Tools for the Childhood Obesity Data Initative (CODI) Linkage Agent to use to accept garbled input from data owners / partners, perform matching and generate network IDs. This can also be thought of as Semi-Trusted Third Party (STTP) tools.

These tool facilitate a Privacy Preserving Record Linkage (PPRL) process. They build on the open source anonlink software package.

Installation

anonlink-entity-service

The primary dependency of these tools is on the anonlink-entity-service. This software package provides a web service for accessing anonlink's matching capabilites. This software must be installed for the Linkage Agent Tools to work. Install instructions can be found on the anonlink-entity-service Deployment page

After following the install instructions in the anonlink-entity-service documentation, you can confirm it is working if the API call to /api/v1/status responds as described in the example at https://anonlink-entity-service.readthedocs.io/en/stable/local-deployment.html to clarify when entity service is up and running correctly.

MongoDB

Linkage Agent Tools uses MongoDB to store results obtained from the anonlink-entity-service. Install MongoDB by downloading the community version.

Dependency Overview

Linkage Agent Tools is a set of scripts designed to interact with the previously mentioned anonlink-entity-service. They were created and tested on Python 3.7.4. The tools rely on two libraries: Requests and pymongo.

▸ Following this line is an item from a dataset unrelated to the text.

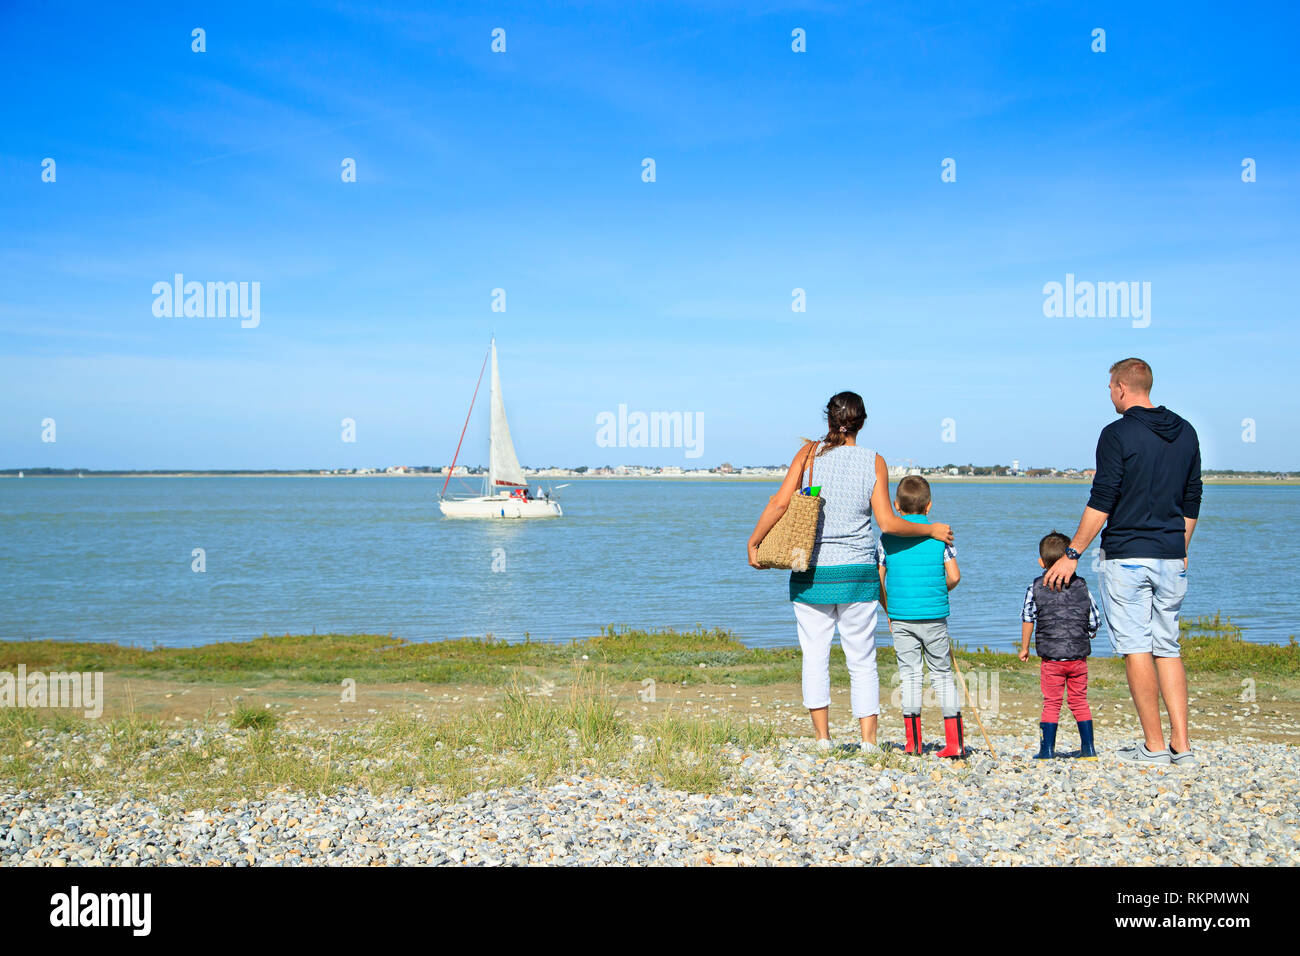 Baie de Somme (nord de la France) : famille avec deux enfants face à la mer, à la recherche d'un voilier sur l'eau, à Saint-Valery-sur-Somme, le long de la zone côtière Banque D'Images

Requests is a library that makes HTTP requests. This is used for the tools to communicate with the web service offered by the anonlink-entity-service.

pymongo is a Python client library for MongoDB.

Linkage Agent Tools contains a test suite, which was created using pytest.

Installing with an existing Python install

Cloning the Repository

Clone the project locally as a Git repository

git clone https://github.com/mitre/linkage-agent-tools.git

Or download as a zip file:

  1. Click this link to download the project as a zip or use the "Clone or download" button on GitHub.
  2. Unzip the file.

Set up a virtual environment (Optional, but recommended)

It can be helpful to set up a virtual environment to isolate project dependencies from system dependencies. There are a few libraries that can do this, but this documentation will stick with venv since that is included in the Python Standard Library.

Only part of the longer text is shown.